## What is expected:
From the entries below, please output exactly the lines starting at the one containing "Tangkula Dual Motor" and ending at the one containing "Alabama's Top Rated", both included.

## Source information:
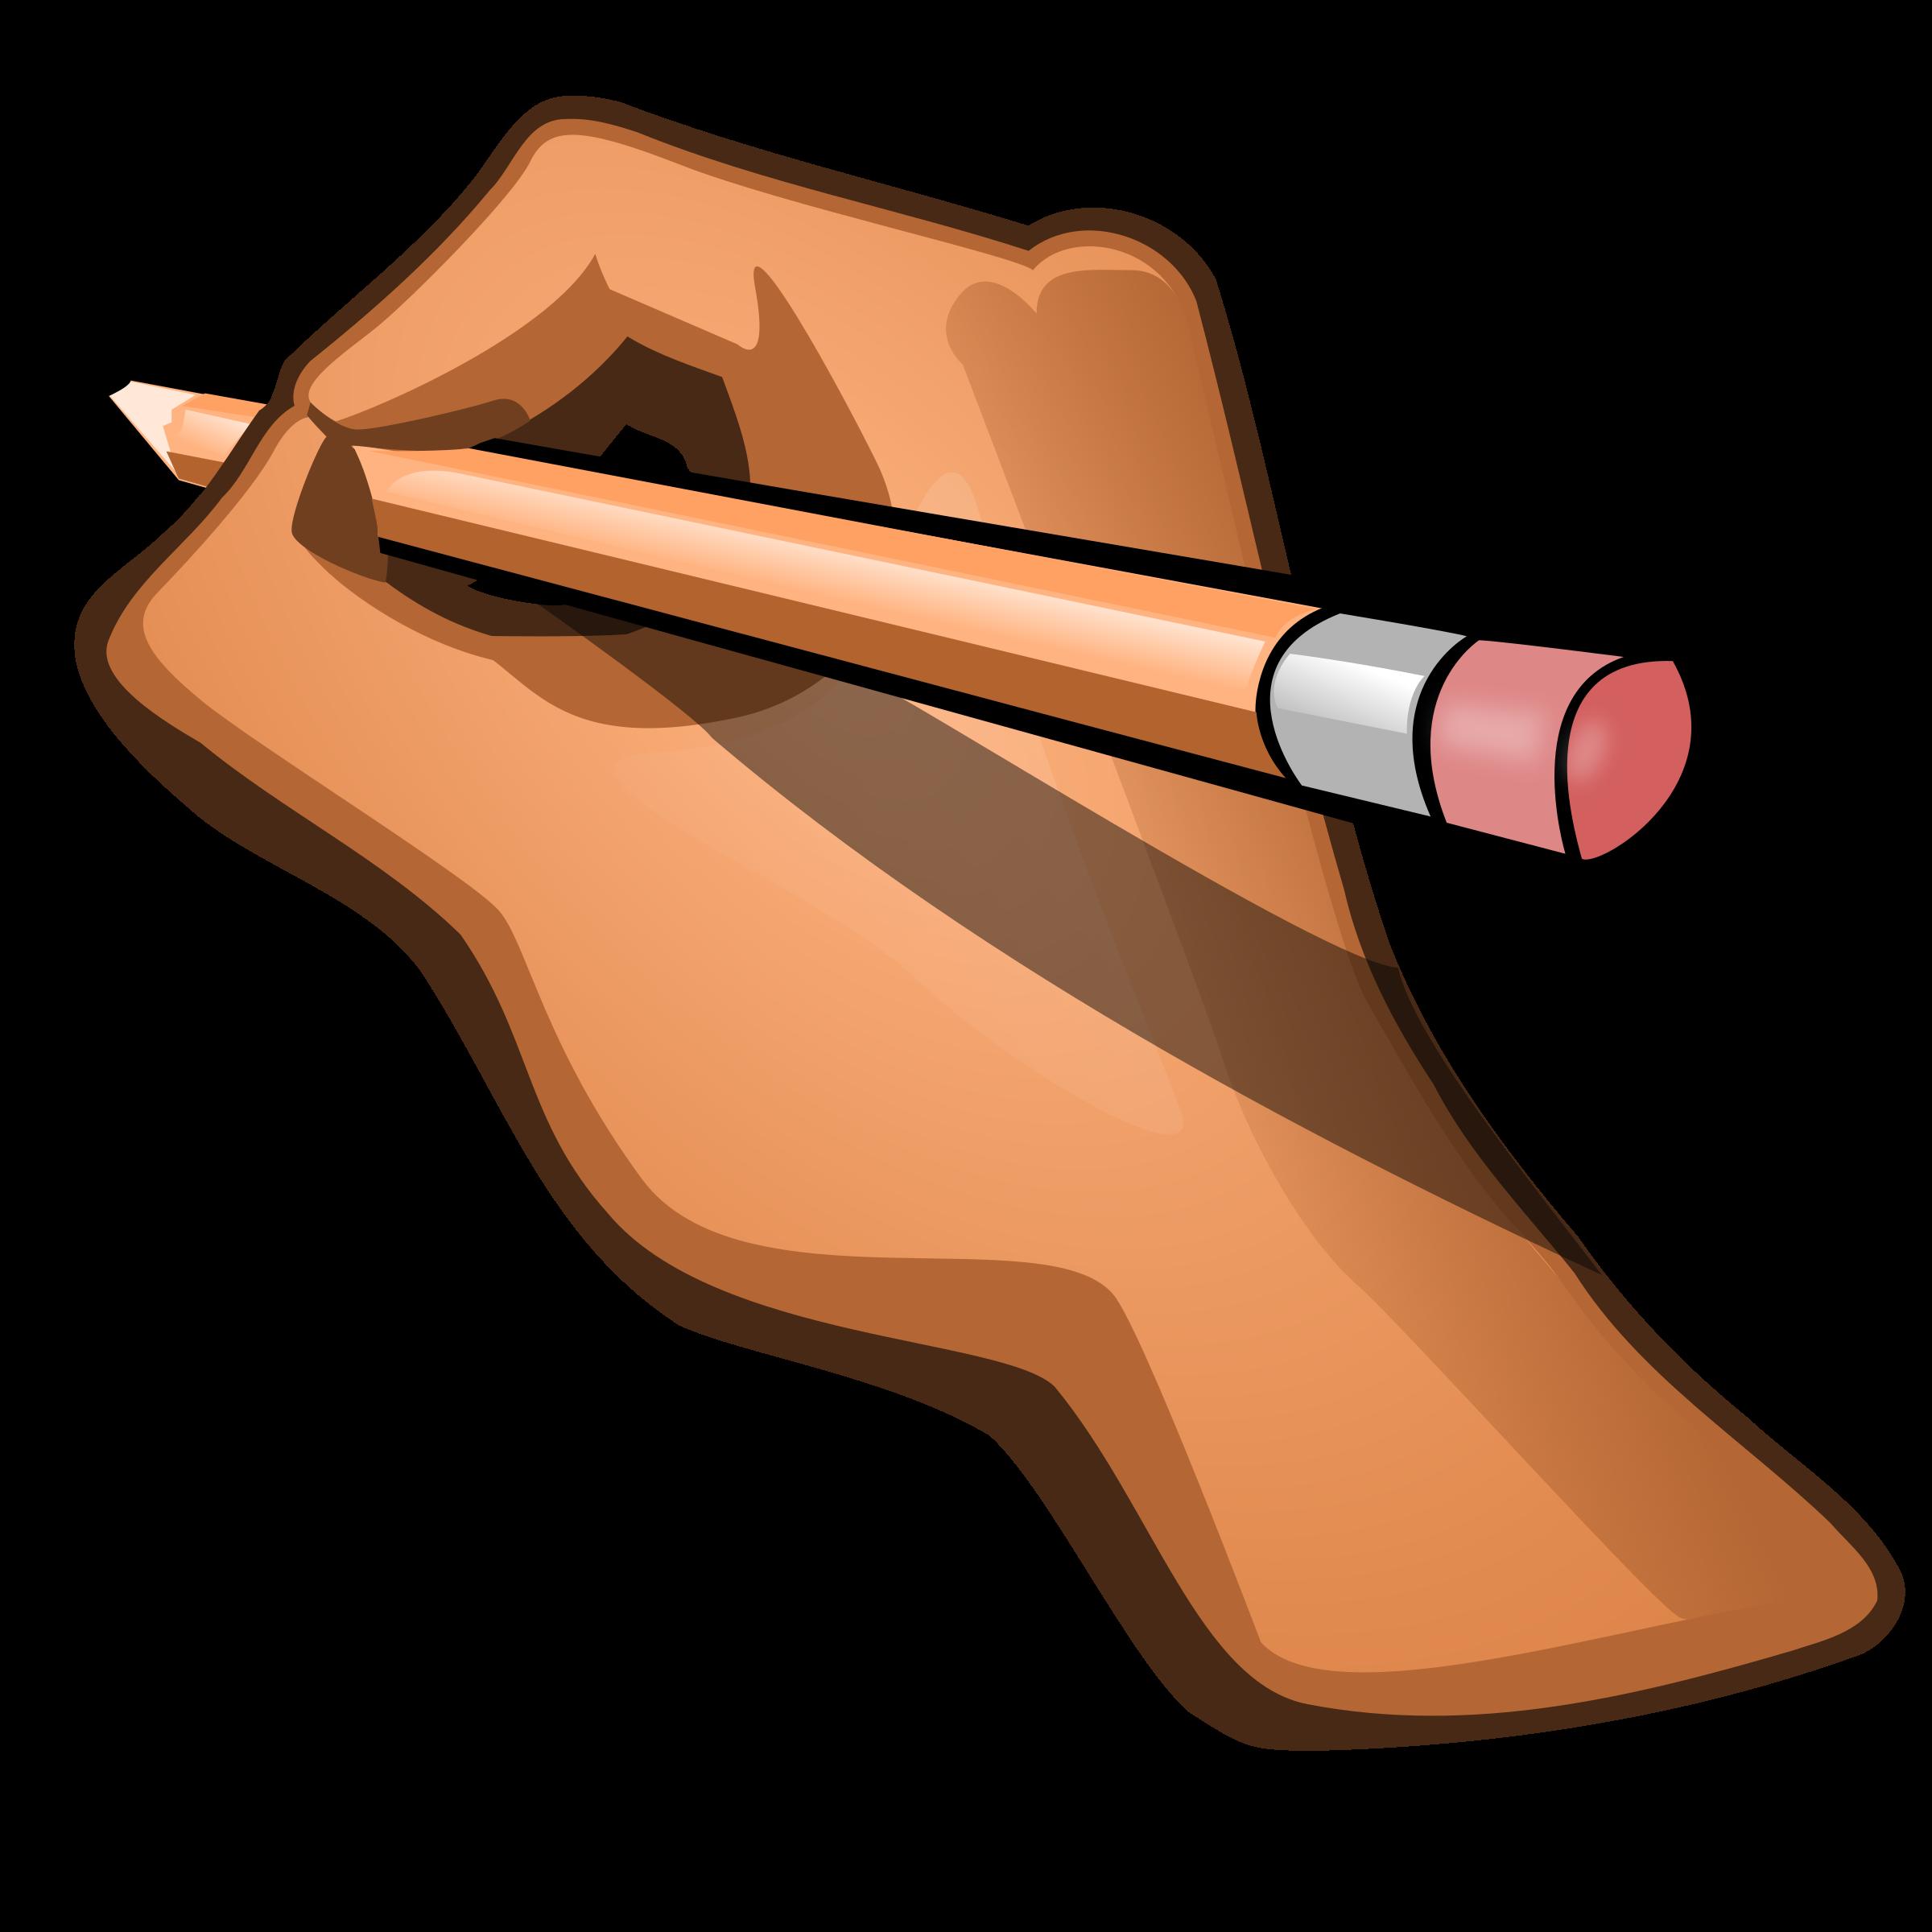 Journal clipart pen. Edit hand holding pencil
...
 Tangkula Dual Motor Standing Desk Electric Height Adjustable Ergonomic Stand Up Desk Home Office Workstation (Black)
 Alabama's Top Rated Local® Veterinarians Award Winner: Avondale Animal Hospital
...
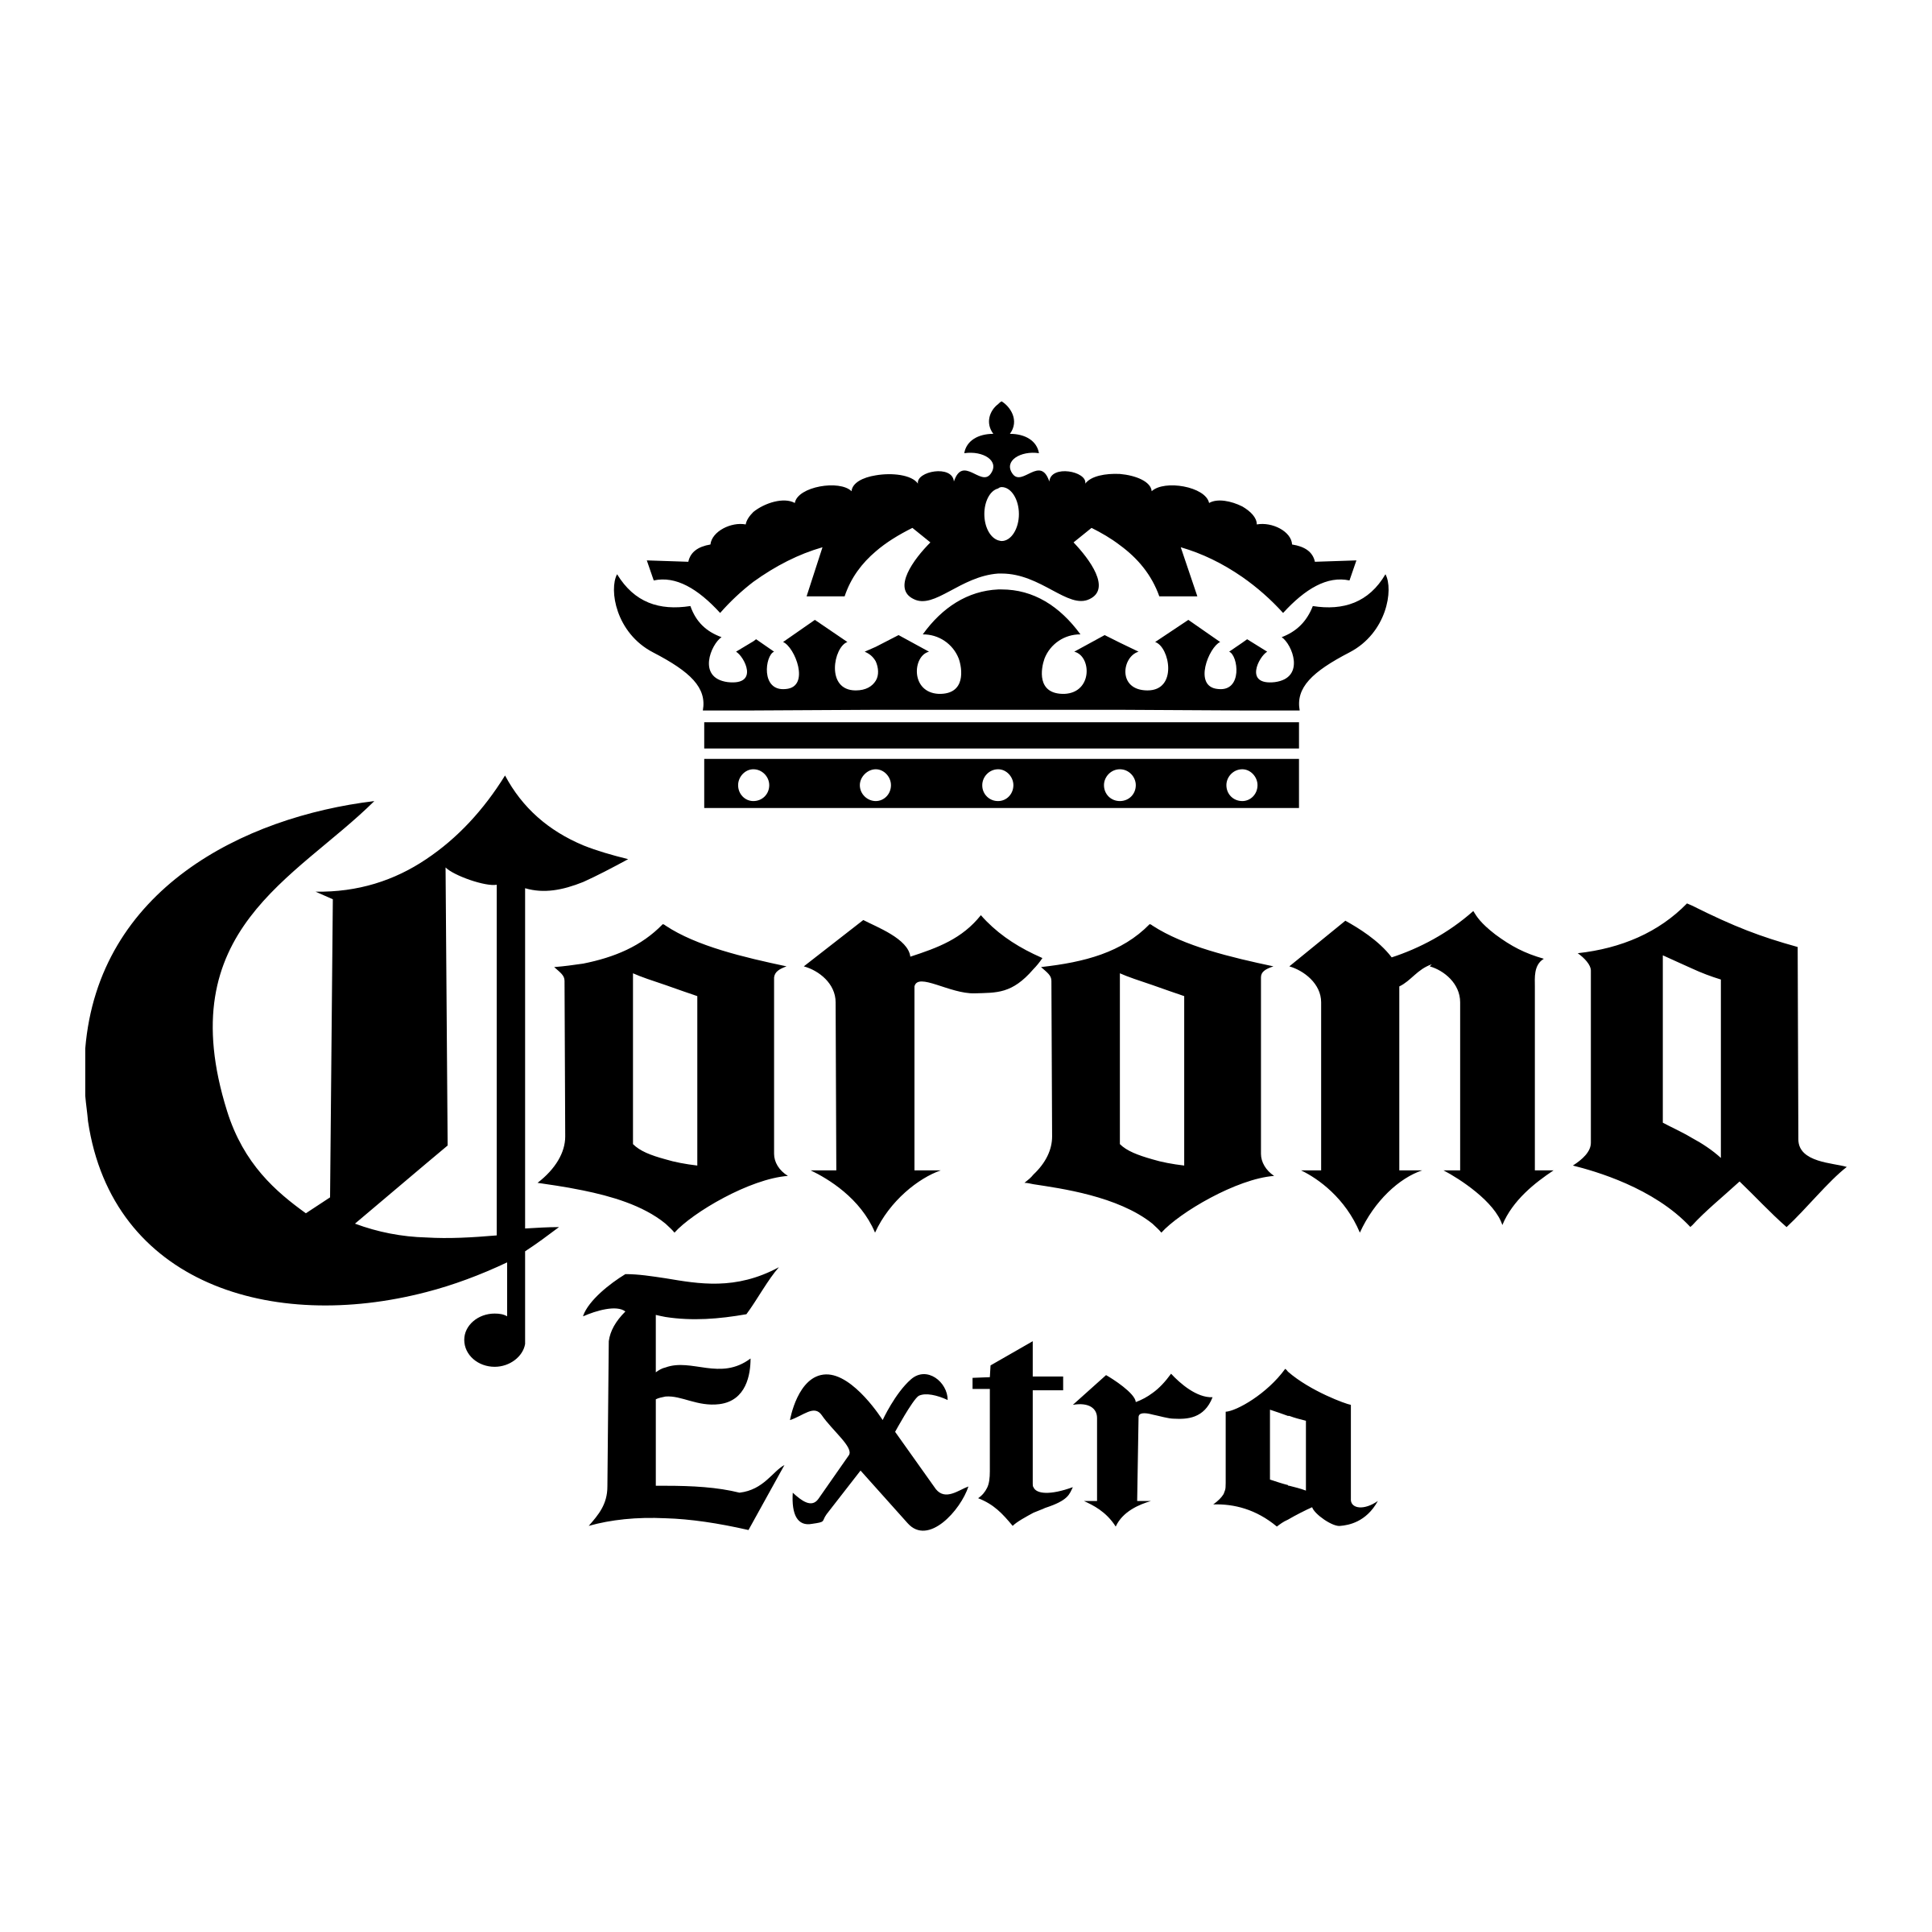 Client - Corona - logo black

## Task response:
 Tangkula Dual Motor Standing Desk Electric Height Adjustable Ergonomic Stand Up Desk Home Office Workstation (Black)
 Alabama's Top Rated Local® Veterinarians Award Winner: Avondale Animal Hospital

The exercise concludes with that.